Episcopalians believe that everything we need to know about God’s love and purpose for us can be found in the Bible. At ordination our clergy make this promise: “I solemnly declare that I do believe the Holy Scriptures of the Old and New Testaments to be the Word of God, and to contain all things necessary to Salvation.” (BCP p. 526)

Often we must wrestle with the texts of Bible passages to find the powerful meaning that God has for us. One prayer that Pam and Steve Easterday regularly use to begin their Bible studies is this:

Blessed Lord, who caused all holy Scriptures to be written for
our learning: Grant us so to hear them, read, mark, learn,
and inwardly digest them, that we may embrace and ever
hold fast the blessed hope of everlasting life, which you have
given us in our Savior Jesus Christ; who lives and reigns with
you and the Holy Spirit, one God, for ever and ever. Amen. (BCP p. 236)

And very often to embrace and hold fast to God’s message requires that we talk about passages from the Bible with others in Bible Study groups.


As Episcopalians we have a treasury of material to help us understand the Bible in our Book of Common Prayer which is a kind of “service book” for our church, but also a commentary on the faith. St. Augustine said, “What we pray is what we believe.” That is certainly true for Episcopalians. For example, if you want to know what we believe about life after death, then read our service for the Burial of the Dead. What you will find is that we believe that when each one of us stands before God after death that we will see One who is “my friend and not a stranger.” (BCP p. 491) We also believe that when those we love die, that we have “the comfort of a reasonable and holy hope, in the joyful expectation of eternal life with those we love.” (BCP p. 481)

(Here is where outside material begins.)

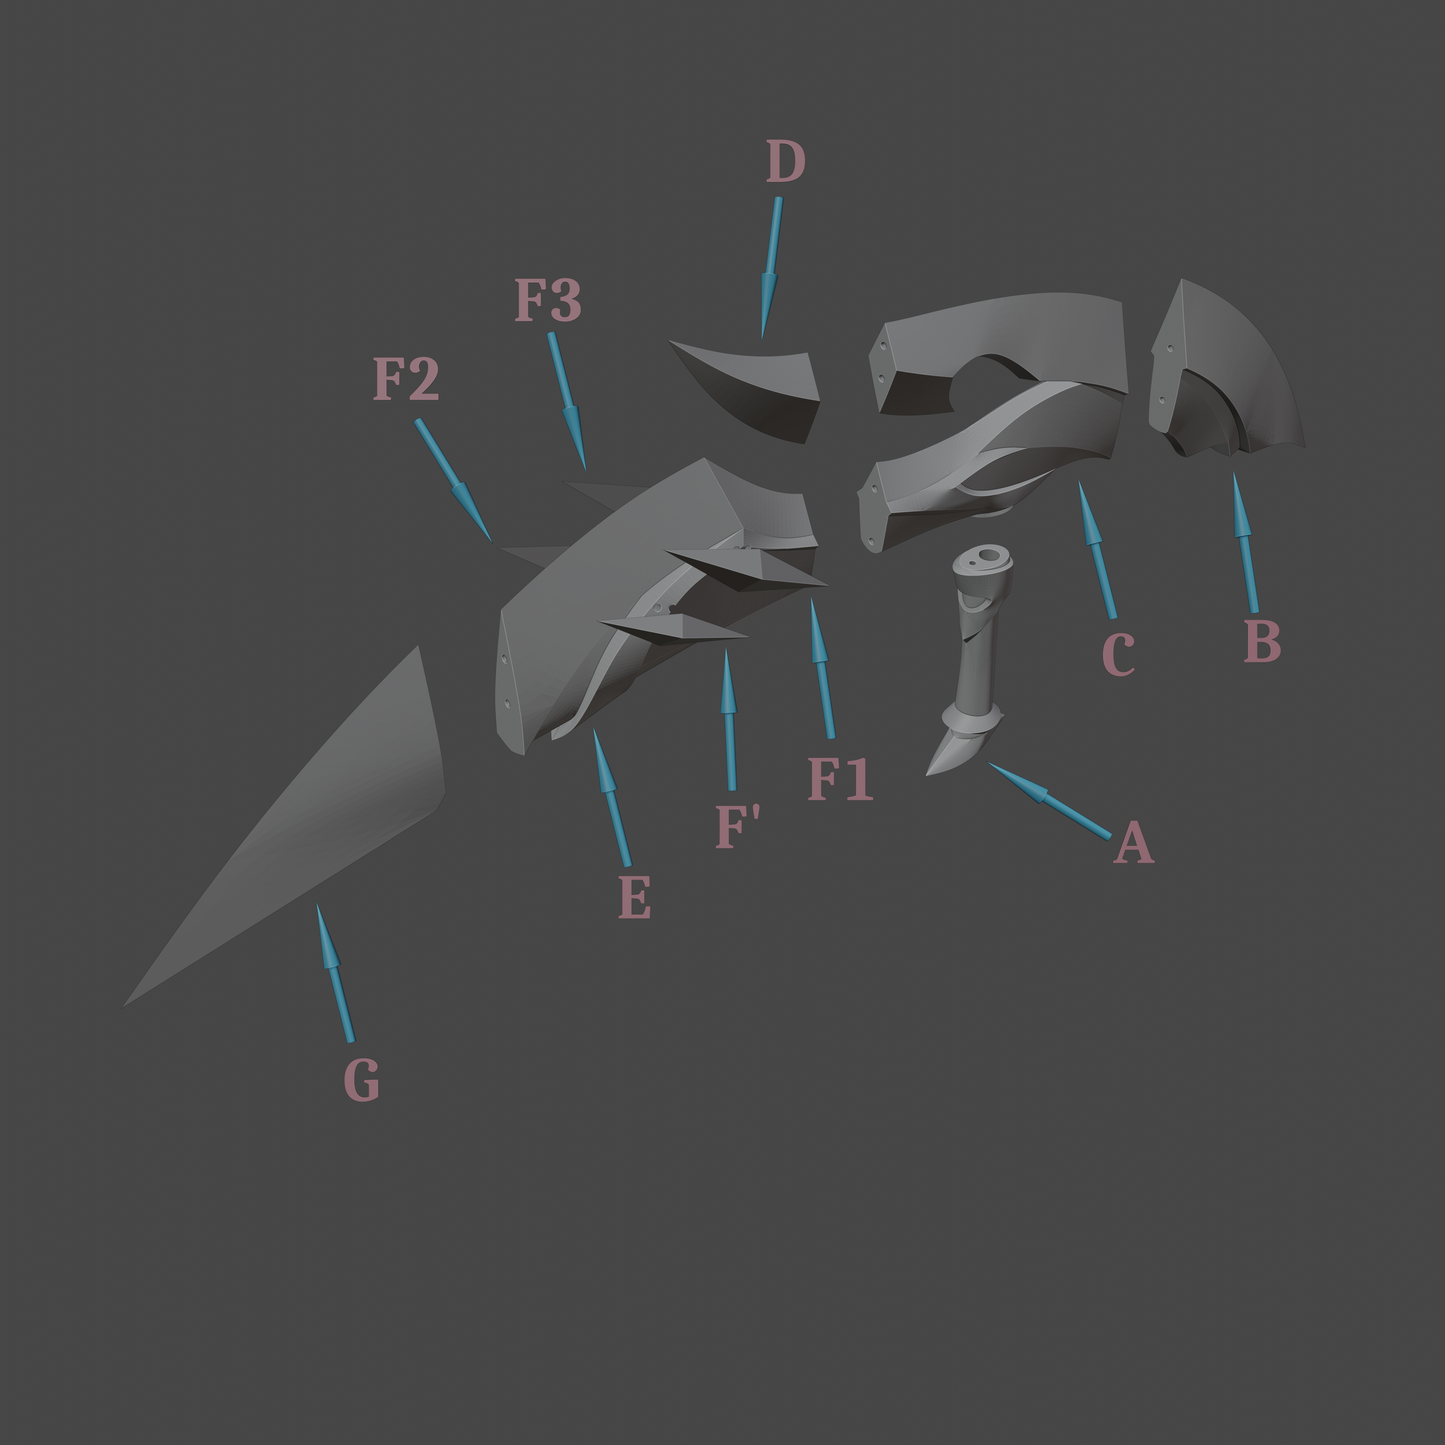 Fatui Pyro Agent Sacrificial Knife - Digital 3D Model Files and Physical 3D Printed Kit Options - Fatui Pyro Agent Cosplay
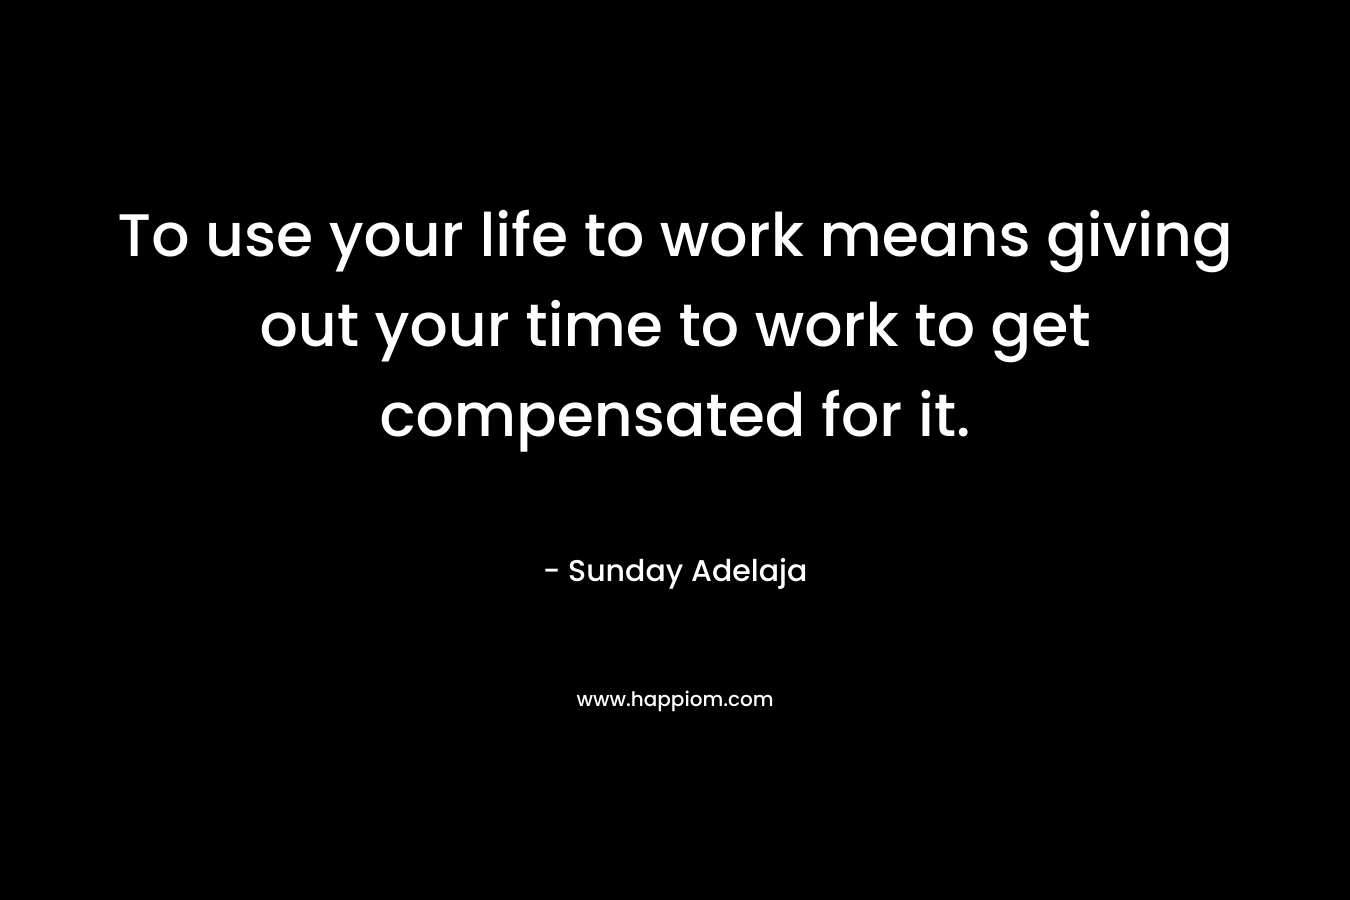 To use your life to work means giving out your time to work to get compensated for it.

These helpful insights are available at every important point in life. When a baby is born we understand that “everyone who receives a little child receives Christ himself,” and we pray that the family will bring the child to “love all that is true and noble, just and pure, lovable and gracious, excellent and admirable” following the example of Christ. (BCP p. 443). In marriage we celebrate the “mutual joy” in the union of husband and wife and we pray that “each may be to the other a strength in need, a counselor in perplexity, a comfort in sorrow, and a companion in joy.” (BCP pp. 423 and 429) 


We believe that the Christian faith is a journey, a pilgrimage that involves walking with Jesus. On that journey we know that we have God’s help.

If you have not begun your journey with Jesus then we invite you to do so today.
A simple prayer can serve as your beginning. Nicky Gumbel, a Church of England priest, calls this the STP Prayer. (from “Why Jesus?” p. 20) Simply pray:

S – Sorry. Lord God (Father God) I am sorry for all those things that I know are wrong in my life.
T – Thank You. Thank you Jesus for dying on the cross for me.
P – Please. Please Holy Spirit come into my life.

We encourage you to pray this prayer and keep praying it every day. It acknowledges the Holy Trinity (Father, Son and Holy Spirit) and it invites God to be with you in the power of the Holy Spirit every day.